Next, among the measured height data, measurement point P, which is the highest from the translucent substrate surface among all of the measured points, is determined. Supposing that a plane containing this measurement point P and in parallel to the substrate surface is a reference plane, the difference determined by subtracting the height of the reference plane from each measurement point, from the height of the measurement point P from the substrate surface, is taken as the depth data of the concavities and convexities. The depth data of the concavities and convexities may be determined by automatic calculation by, for example, a software of E-sweep (trade name) manufactured by HITACHI HIGH-TECHNOLOGIES CORPORATION. The arithmetic average and the standard deviation determined from the depth data of the concavities and convexities at each measurement point thus obtained are taken as the average of the depth distribution of the concavities and convexities and the standard deviation of the depth of the concavities and convexities, respectively.

With an irregular concavo-convex pattern, the measurements may be made by processing, by means of a two-dimensional fast Fourier transform, an analysis image of the concavo-convex pattern which is measured using a scanning probe microscope in the same way as above, and determining those having a Fourier-transformed image of a circular or annular pattern.

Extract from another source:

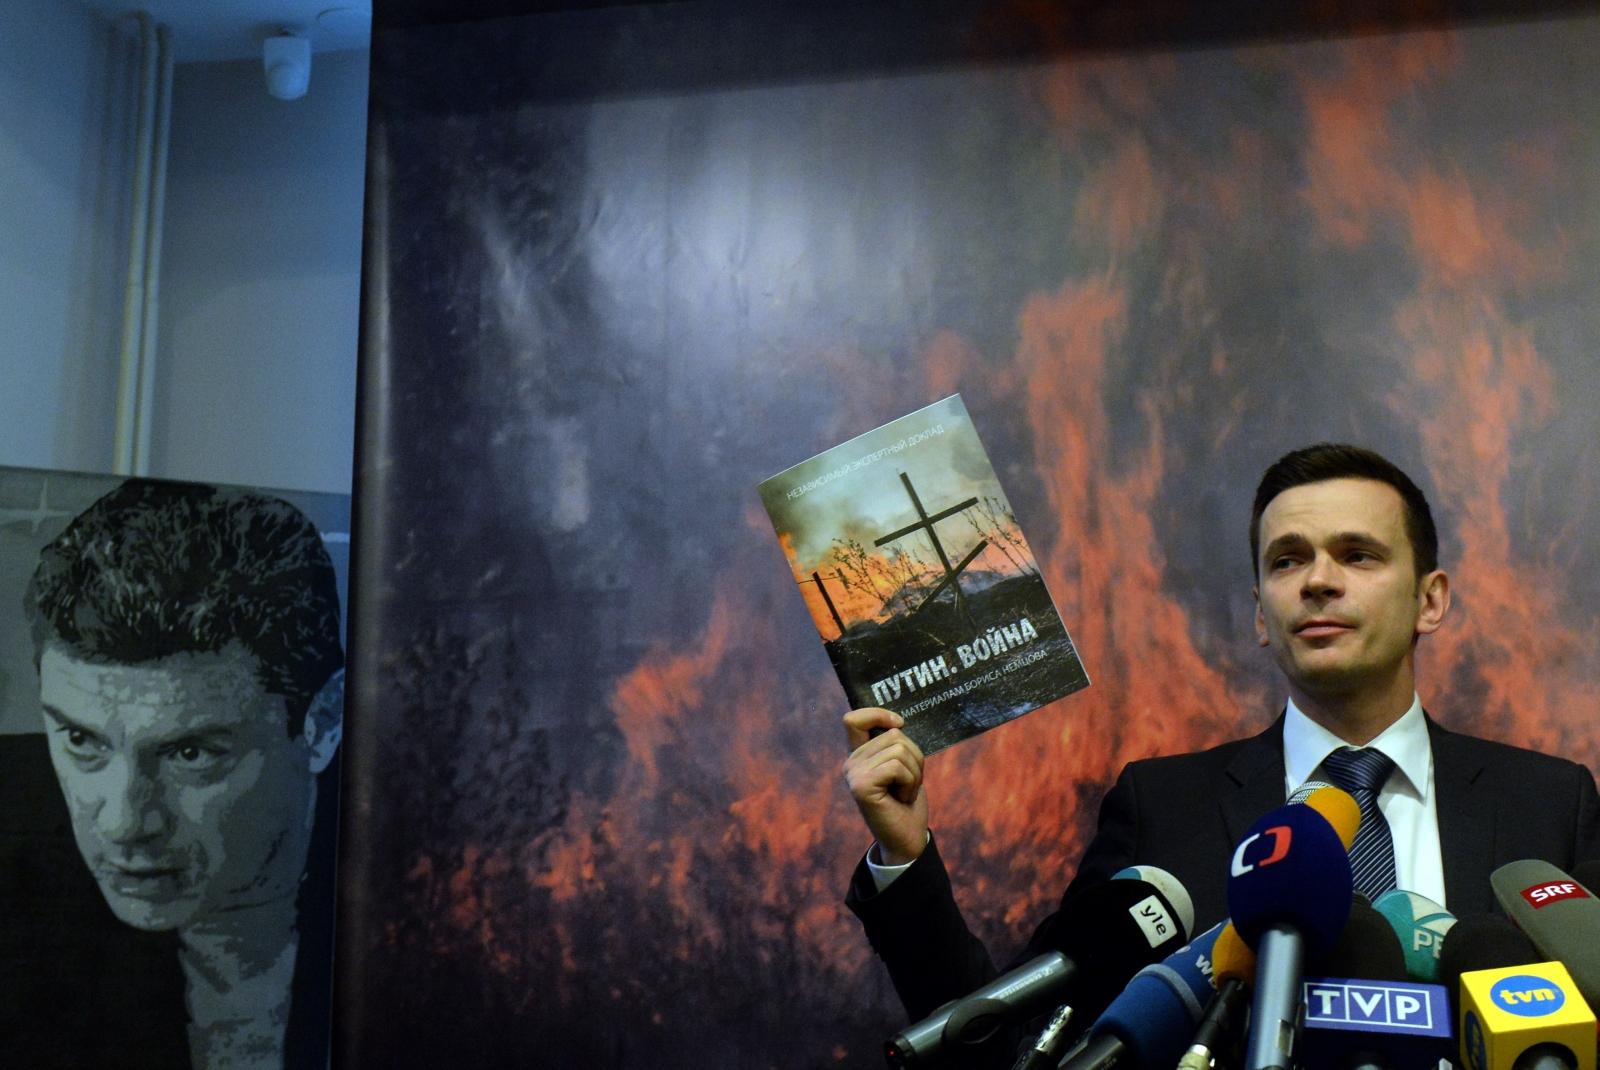 Nemtsov east Ukraine report

A member having such a pattern has no particular directivity of the concavo-convex pattern, but as long as a quasi-period pattern having a pitch distribution of a concavo-convex pattern is included, and visible light is diffracted, the pattern may suitably be applied to a member used in a light-emitting element, such as organic EL, LED, LEC, or ECL, or a member used in the production of these.

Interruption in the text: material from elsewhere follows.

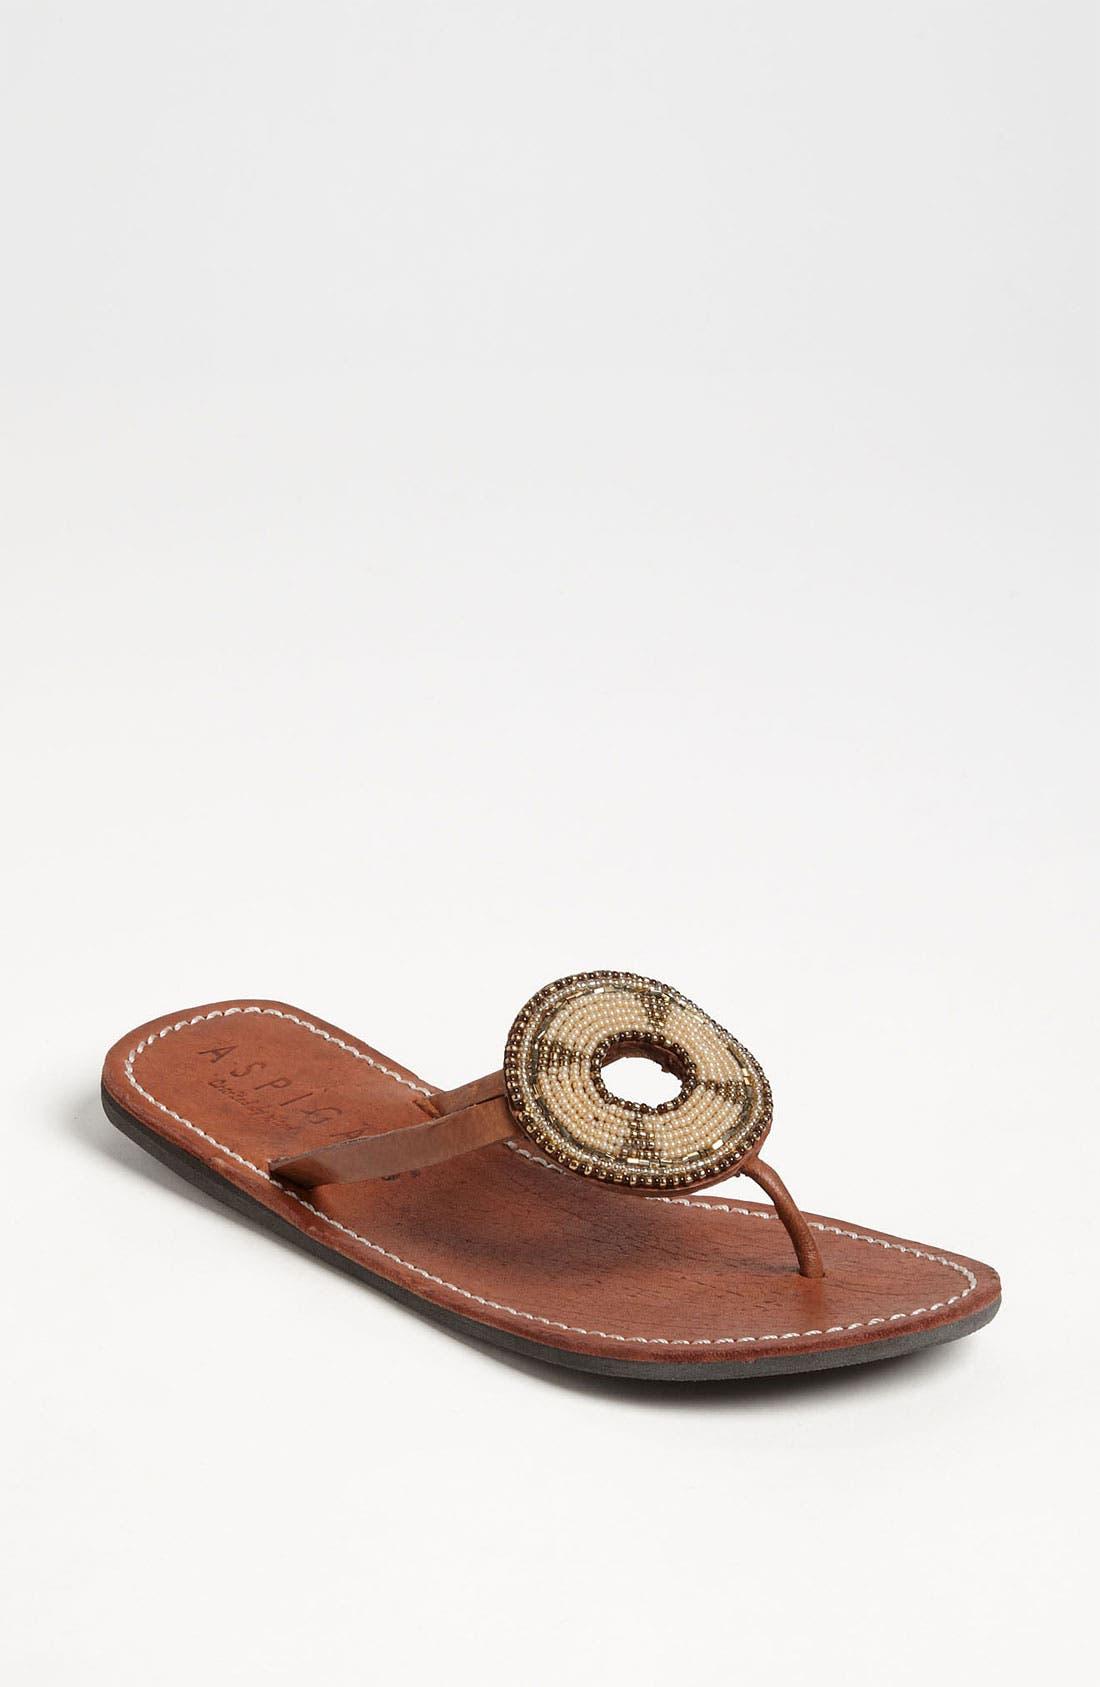 Main Image - Aspiga 'Masai Disc' Sandal

The above-mentioned circular pattern represents that a pattern observed due to gathering of the bright points in the Fourier transformed image is observed generally as a circle, and includes those having partial concavities or convexities in the contour. The above-mentioned annular pattern represents that a pattern formed by gathering of the bright points is observed generally as an annular form, and includes those having partial concavities or convexities in the inner or outer contour.

When a concavity-convexity analysis image obtained by analysis using an atomic force microscope is processed by the two-dimensional fast Fourier transform to obtain a Fourier transformed image, this Fourier transformed image represents a circular pattern approximately around the origin at which the absolute value of the wavenumber is 0 μm⁻¹, and the circular or an annular pattern is present in the region wherein the absolute value of the wavenumber is preferably not more than 10 μm⁻¹, more preferably 0.667 to 10 μm⁻¹, most preferably 0.833 to 5 μm⁻¹. As used herein, “a circular or annular pattern is present in the region wherein the absolute value of the wavenumber is not more than 10 μm⁻¹” means that usually not less than 30%, preferably not less than 50%, still more preferably not less than 80%, most preferably not less than 90%, of the bright points constituting the Fourier transformed image are present in the above-mentioned region wherein the absolute value of the wavenumber is not more than 10 μm⁻¹.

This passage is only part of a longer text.